*Source information*:
****************************************
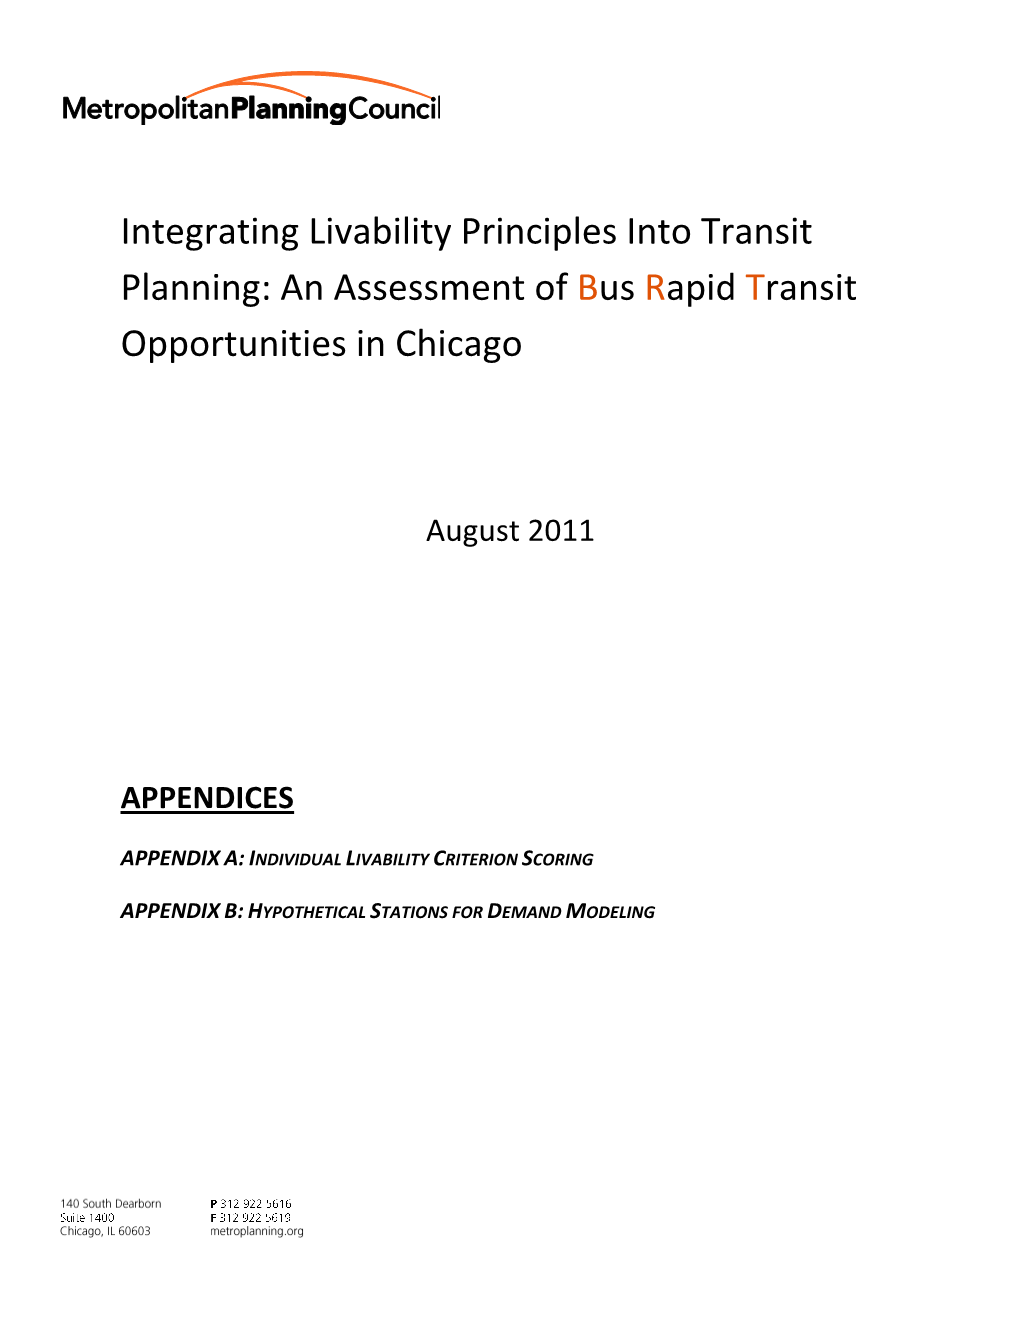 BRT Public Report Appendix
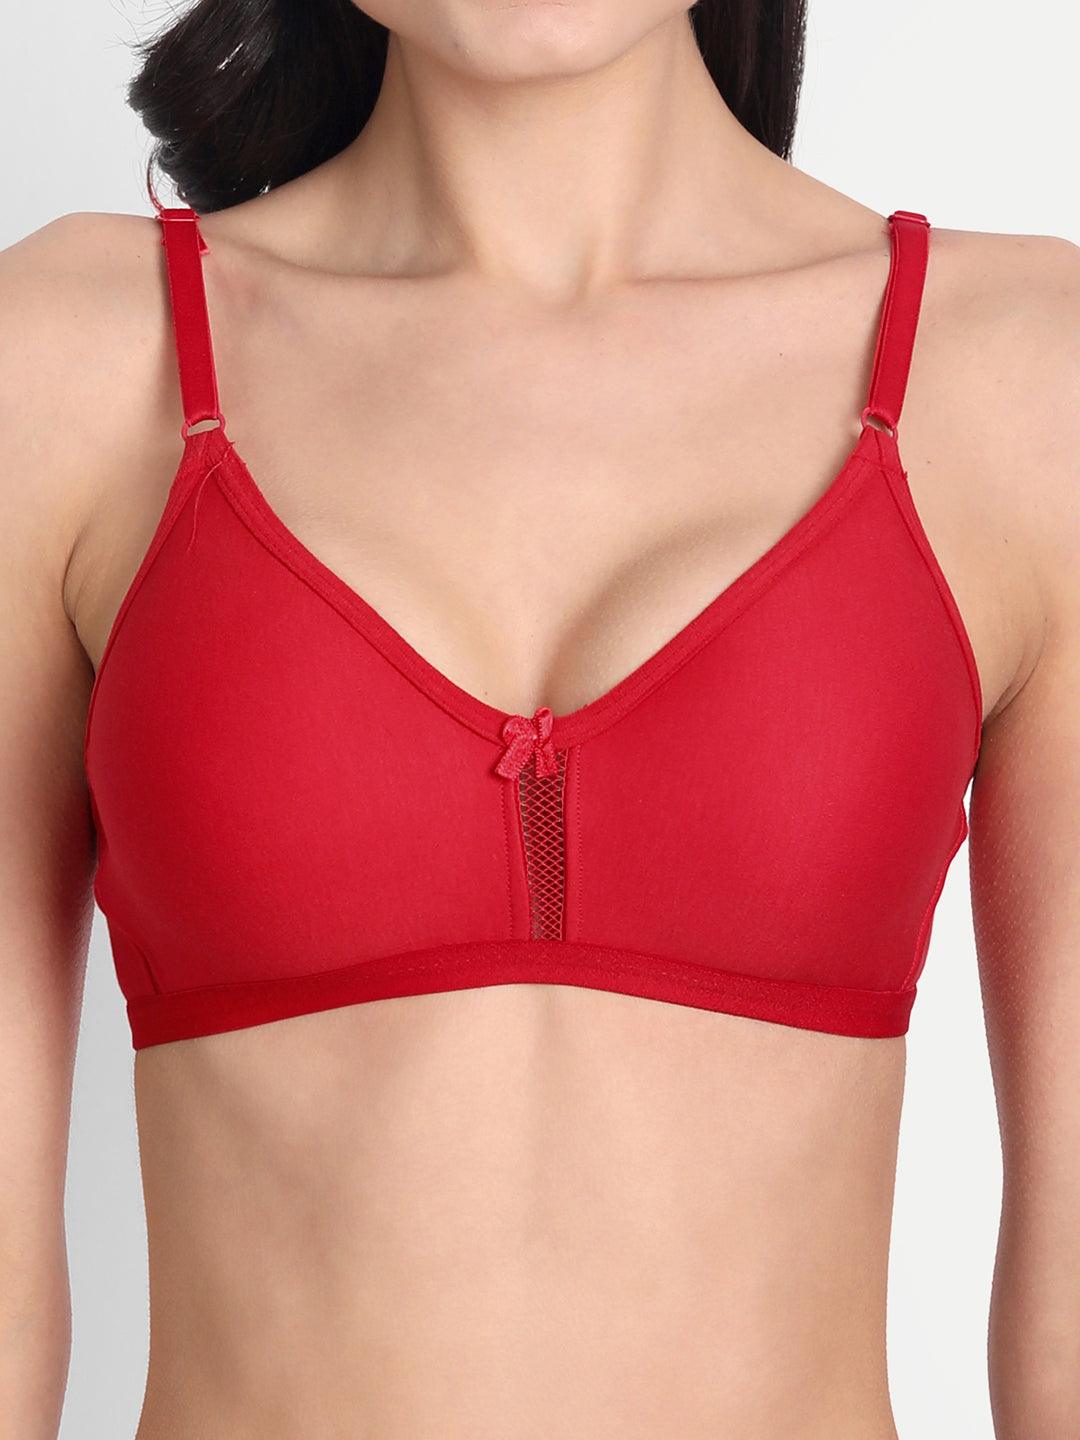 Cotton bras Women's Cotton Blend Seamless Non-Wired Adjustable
****************************************
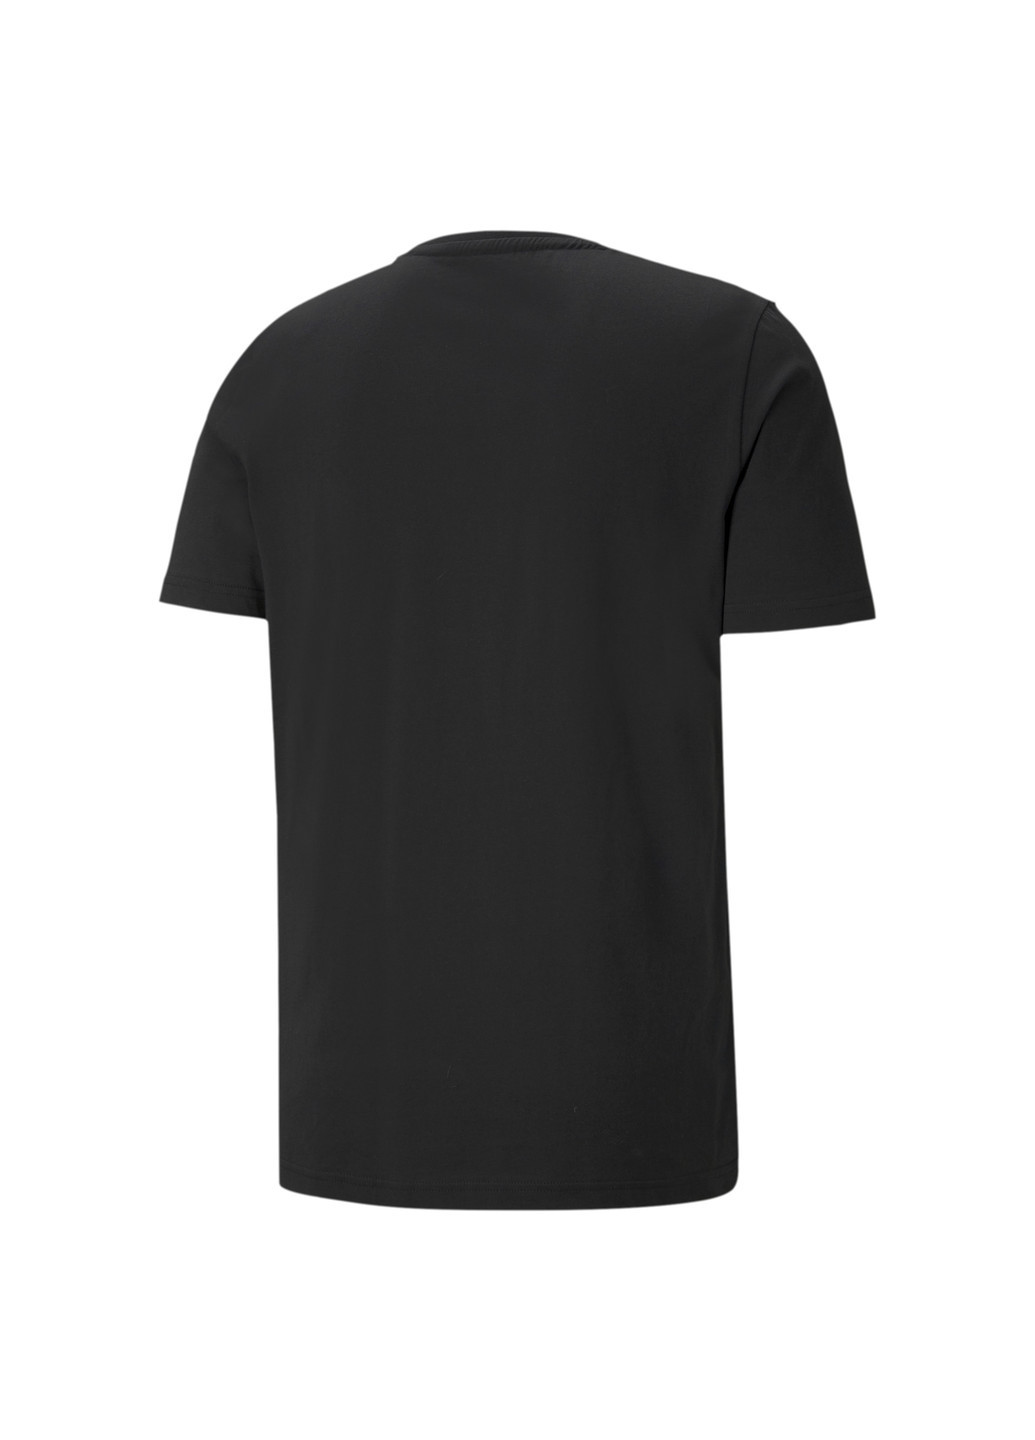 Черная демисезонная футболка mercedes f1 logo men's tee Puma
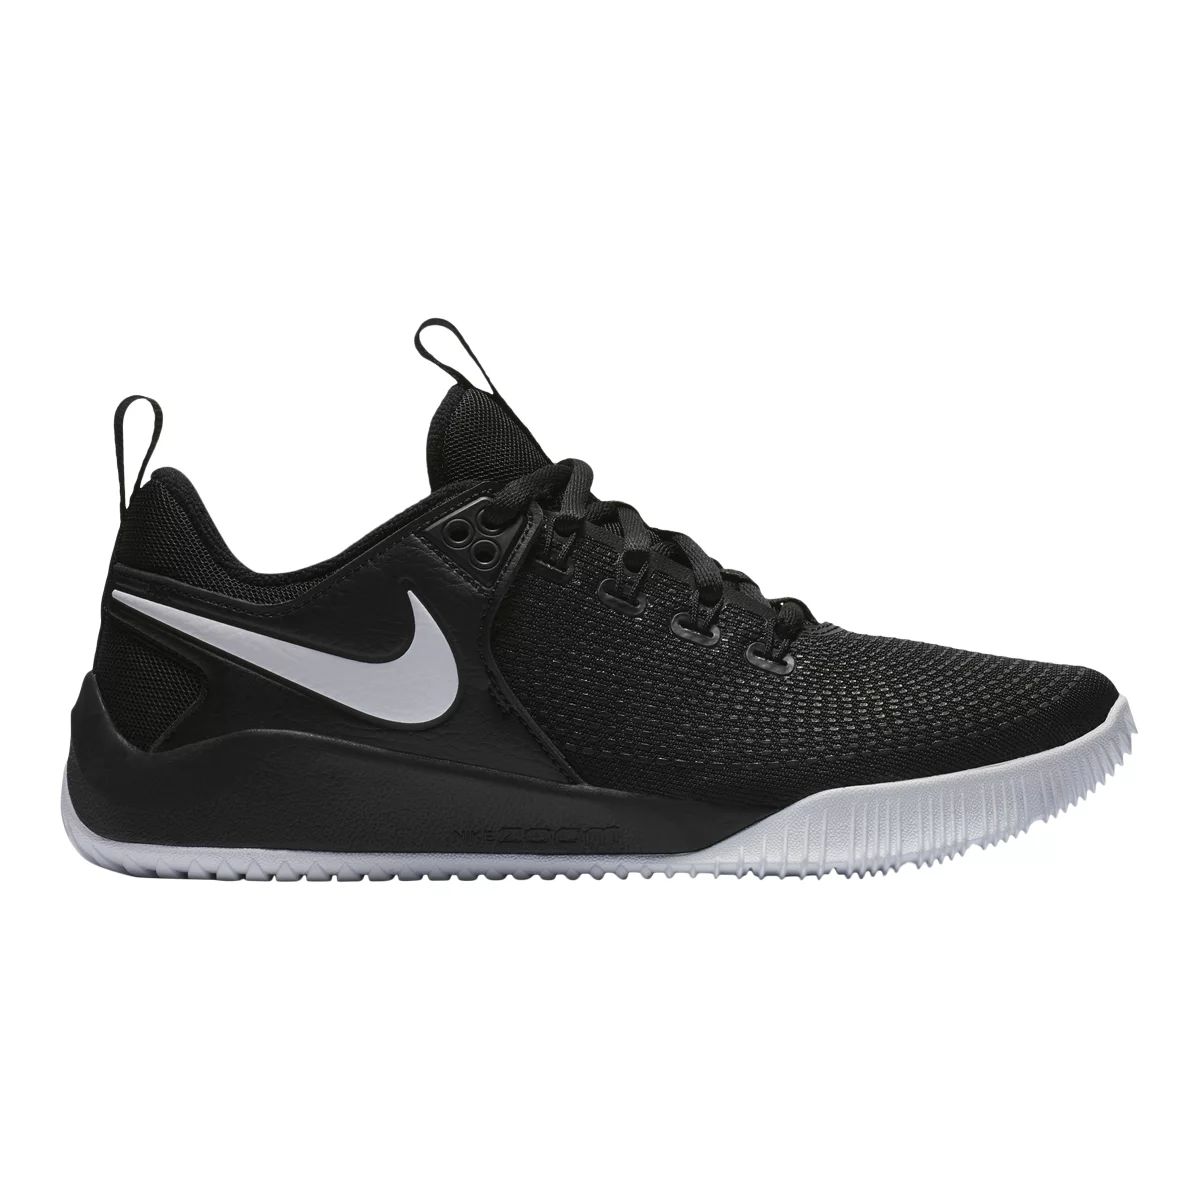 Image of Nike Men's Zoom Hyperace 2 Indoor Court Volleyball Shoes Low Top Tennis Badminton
****************************************
*Directions*: Taking the entries above, copy word for word the lines from the one with "BRT Public Report Appendix" up to and including the one with "Cotton bras Women's", without any picture.

*Output for this task*:
 BRT Public Report Appendix
 Cotton bras Women's Cotton Blend Seamless Non-Wired Adjustable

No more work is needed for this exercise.